Other healthcare systems on the continent should also be examined. In South Africa, healthcare contributes 2.5% of national emissions or 15.93 MtCO2e (2015). South Africa’s healthcare sector is primed to turn the country’s infrastructure challenges into a catalyst for innovation as it works to expand access across this large, geographically diverse country and address historically entrenched inequality.
 
Energy demand drives change
 
South Africa’s ongoing energy crisis is prompting healthcare operators to seek alternative sources that reduce their reliance on the grid, with the installation of photovoltaics becoming an increasingly popular strategy. To encourage investment in renewables, the government has removed the requirement for independent power producers to hold generation licences and capped the amount they can generate. This enables healthcare providers to meet a higher proportion of their own needs on-site, with benefits for resilience and decarbonisation.
 
Healthcare operators are also reducing electricity demand by installing energy-efficient LED light fittings, occupancy sensors, and water aerators in non-clinical settings. These devices reduce the flow rate and, therefore, the amount of energy required for water heating without compromising pressure. Sensor taps with timers also reduce the quantity of water used.
 
Heat pumps are often used to provide cooling and heating. Although gas or oil-powered boilers are typically favoured for supplying hot water and steam for sterilisation, the business case may be made for a hybrid solar hot water/heat pump system to reduce energy-linked carbon while promoting reliability. Developing heat pump technologies that can deliver water at higher temperatures is a major opportunity to drive more widespread adoption. In existing facilities, owners are taking the first essential step of improving the measurement and monitoring of energy and water consumption as a fact-finding exercise to inform decarbonisation strategies. This involves installing building management systems and smart metering to identify the areas or systems within a building where energy and water use is greatest.
 
Investors make sustainability a prerequisite
 
Investment is a driver of decarbonisation across the continent.

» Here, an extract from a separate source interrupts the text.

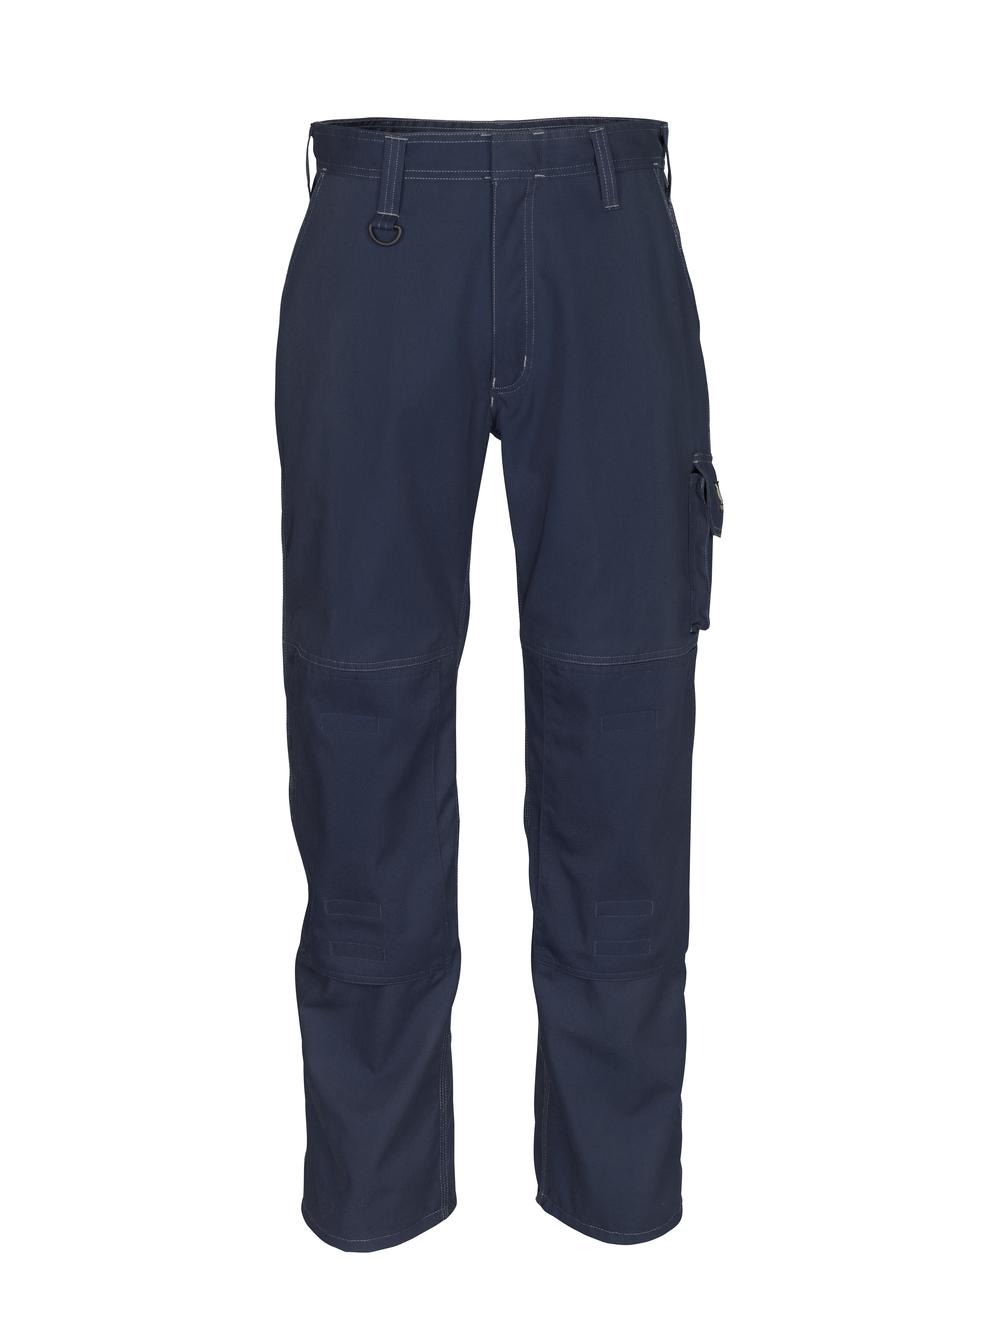 12355-630-010 Arbeitshose - Schwarzblau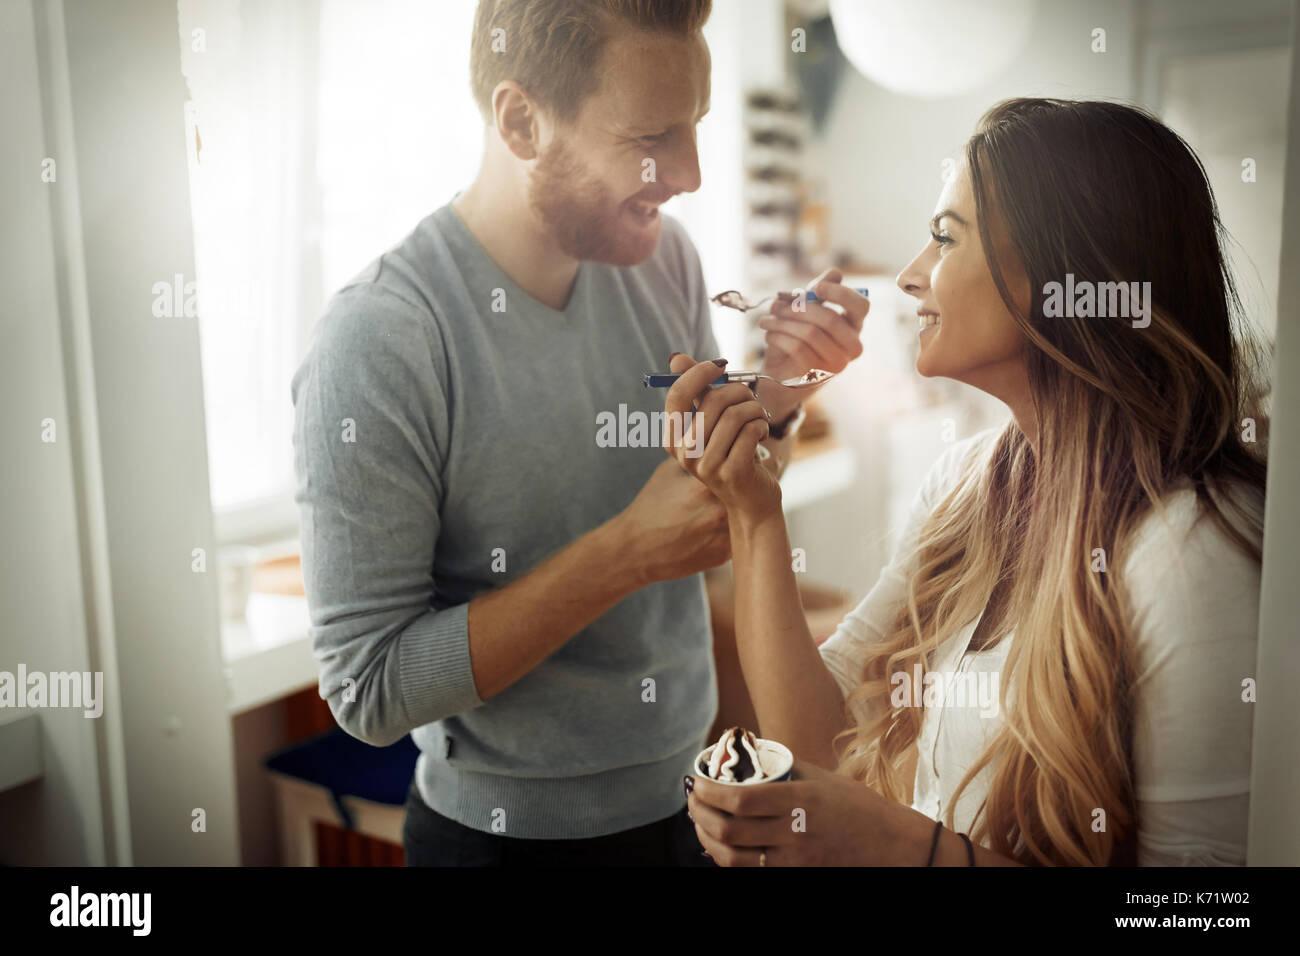 Par de divertirse y reírse en casa mientras come helado Imagen De Stock

This is partly because international hospital groups are bringing their own decarbonisation policies and targets with them. WSP is part of the design-build team applying the US standard LEED at the African Medical Centre of Excellence in Abuja, Nigeria. It is being developed in partnership with King’s College Hospital in the UK with funding from the African Export-Import Bank.
 
Development banks also drive decarbonisation by making sustainability measures a prerequisite for funding or by tying more favourable terms to carbon savings. The EDGE rating tool was developed by the International Finance Corporation (IFC) for use in emerging markets. It focuses on energy consumption, water consumption and embodied energy in the form of construction materials. Local versions are tailored to each market and for various sectors, including healthcare. The target is a 20% reduction in these three parameters against a country-specific baseline building.
 
There is a palpable enthusiasm for decarbonisation through collaboration among healthcare providers, policymakers and green building councils across the continent. All these stakeholders recognise that sustainability in African healthcare provision is a balancing act between sustainable, leading-edge engineering and providing basic access.
 
In the pursuit of a prosperous future of inclusive and sustainable growth, where all African people have a high standard of living, quality of life, sound health, and well-being, learning from global trends and adapting these to suit African conditions is the key to building successful networks of healthcare infrastructure and medical facilities. And always, it’s about working towards net zero on a continent with limited infrastructure but an abundance of resilience and optimism.